Richard Franulovich, Head of FX Strategy at Westpac Banking Corporation, stated that Greenland/geopolitical risk has reignited discussions about de-dollarization and has made the US's large net international liabilities its key vulnerability.
Mingze Wu, a forex trader at Singapore StoneX, said, "We've seen some weakness in the dollar, which makes sense as the US goes back to isolationism. However, the market has become quite numb to tariff issues, so the reaction may be subdued."
Hikaru Tanaka, a fund manager at Asset Management One in Tokyo, mentioned that deteriorating inflation indicators in Europe, along with increasing tensions between Europe and the US, are making conditions more favorable for buying European bonds.

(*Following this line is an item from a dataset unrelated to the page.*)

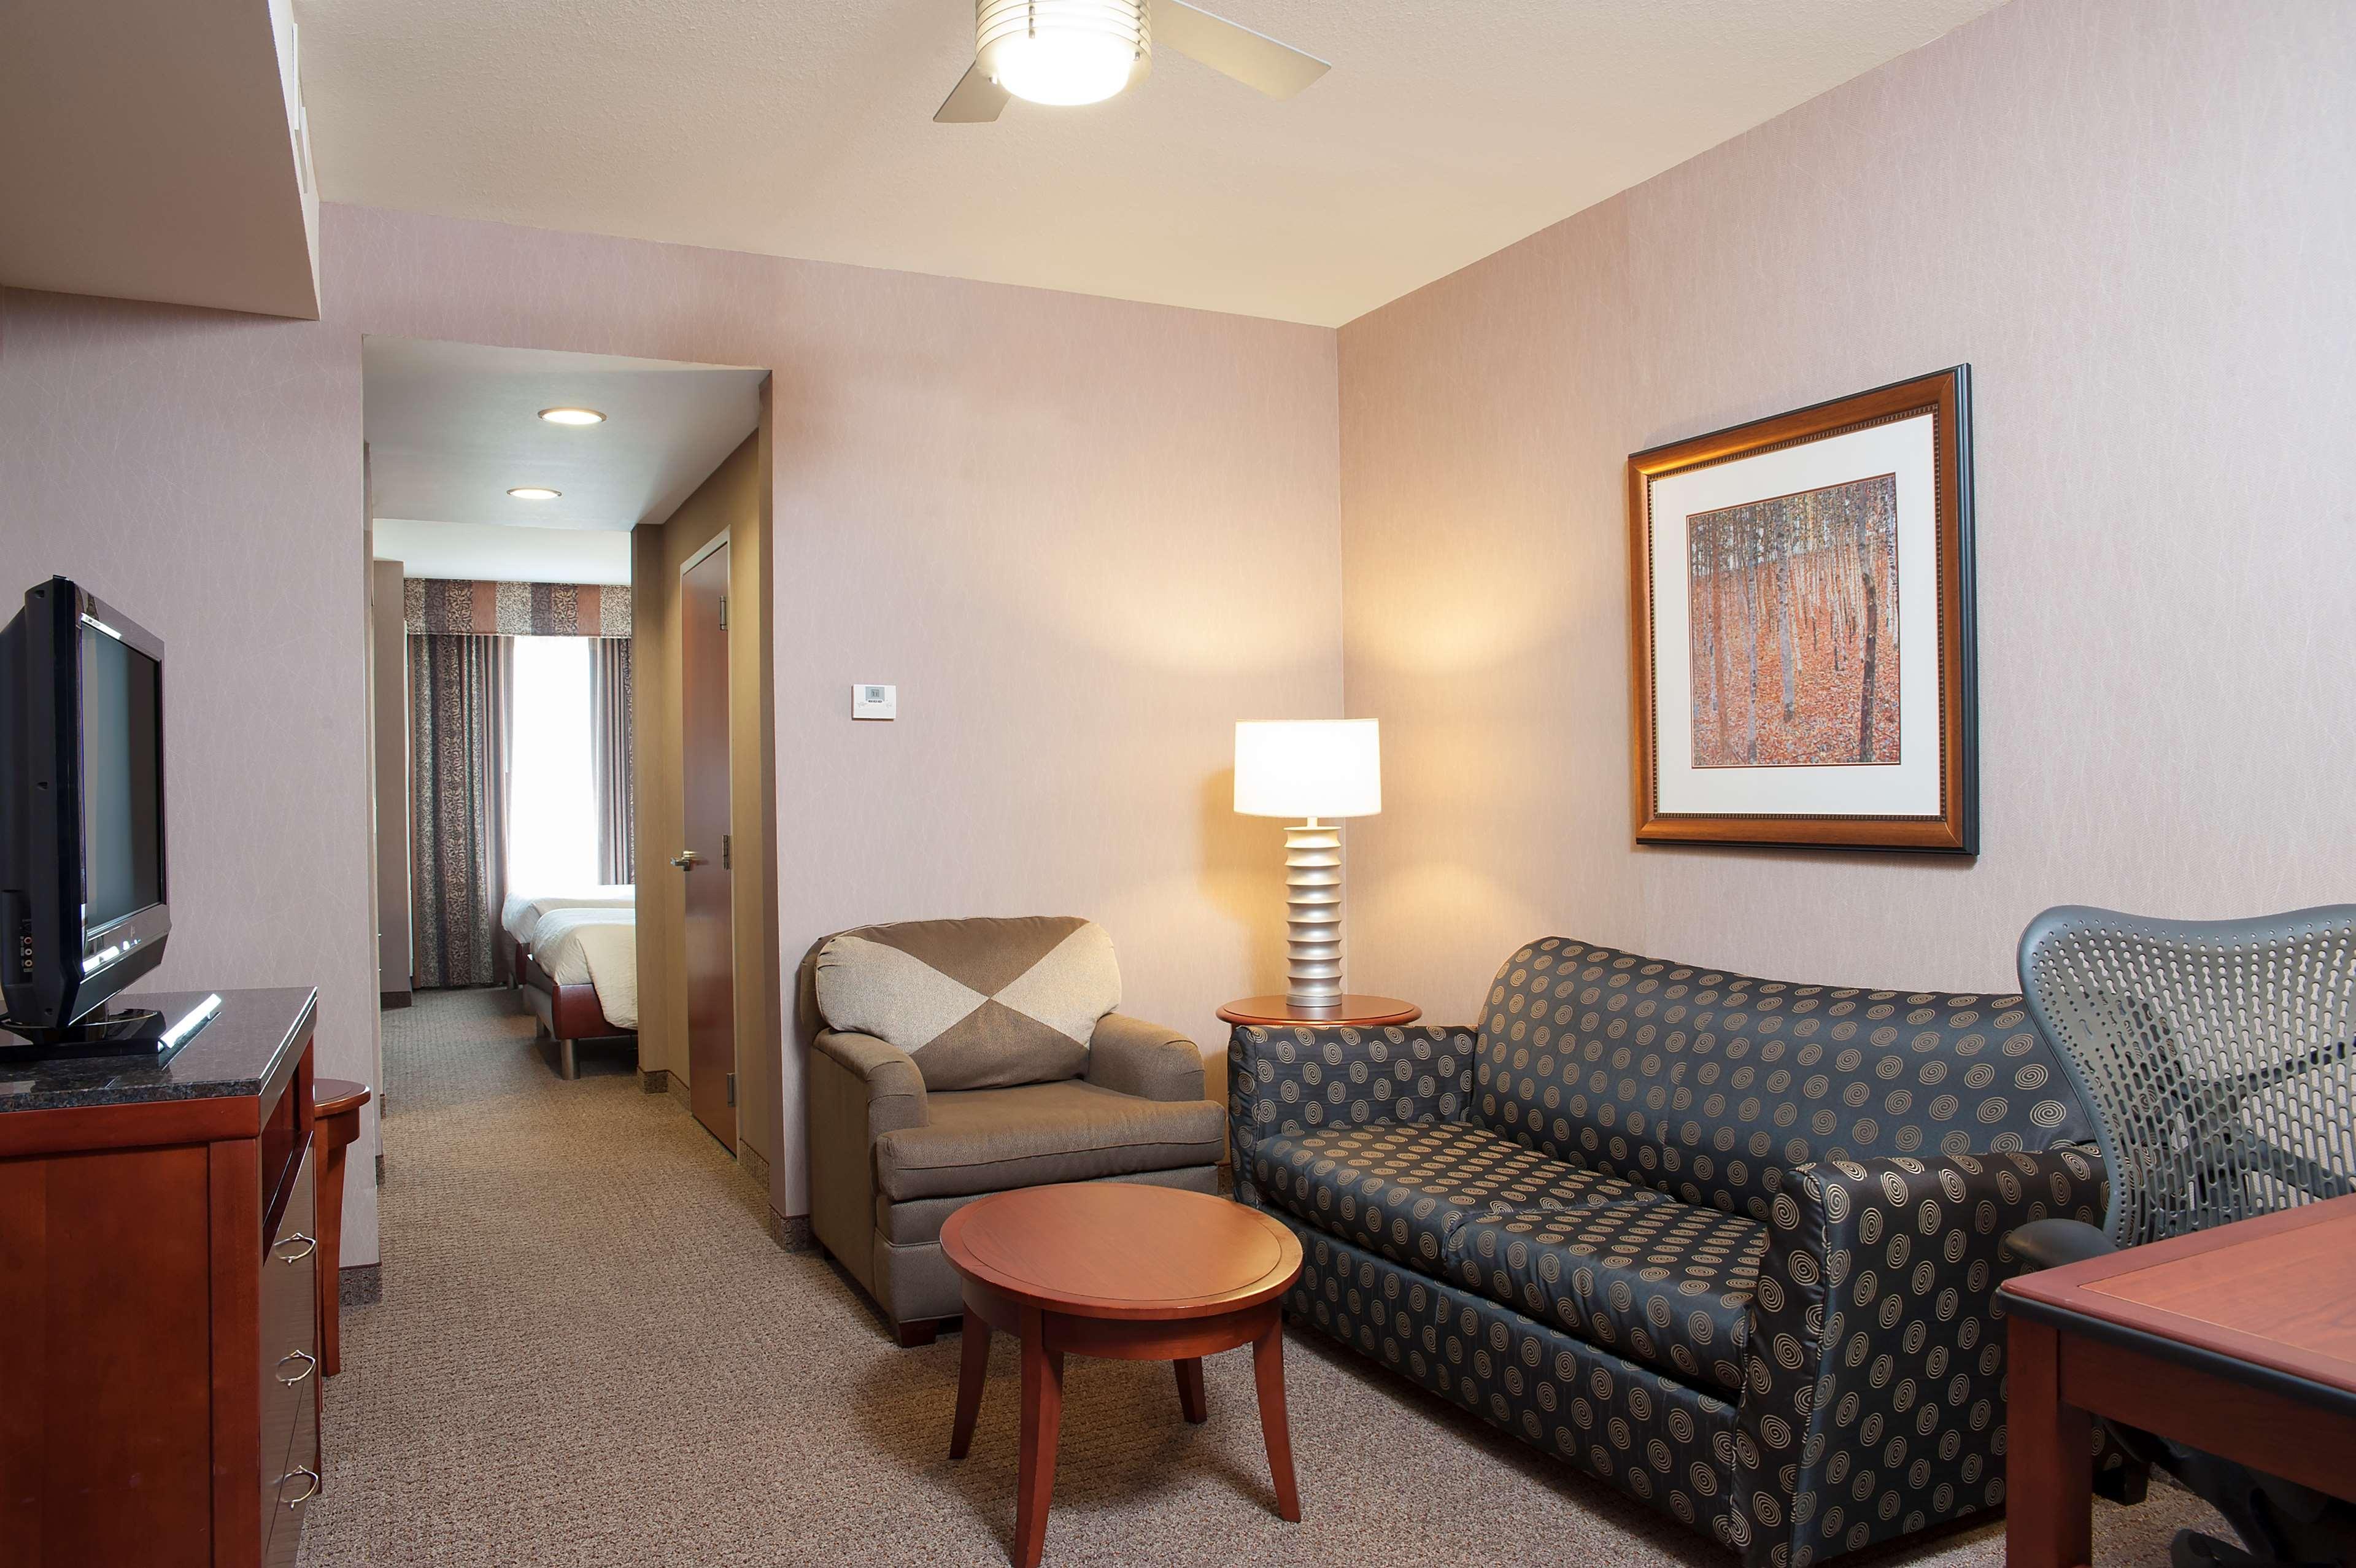 Hilton Garden Inn Indianapolis South/Greenwood image 16

These changes have led to a significant increase in precious metal prices as investors turn to safe-haven assets. Despite the possibility of the US-EU trade war having a negative impact on industrial demand, some funds are still flowing into the base metals market.
As of the time of writing, copper prices on the London Metal Exchange have risen by 1.3% to $12,965 per ton. Nickel prices rose by 2.6%, tin prices by 2.8%, and aluminum prices by 0.8%.
Copper prices have been rising steadily for the past five months, benefiting from supply shortages and demand supported by the artificial intelligence boom, driving consumption of this metal used in wiring and renewable energy equipment.
Wu Kunjin, Head of Base Metals Research at Minmetals Futures Co., stated that as market optimism towards metals heats up, "copper prices are following silver and gold prices".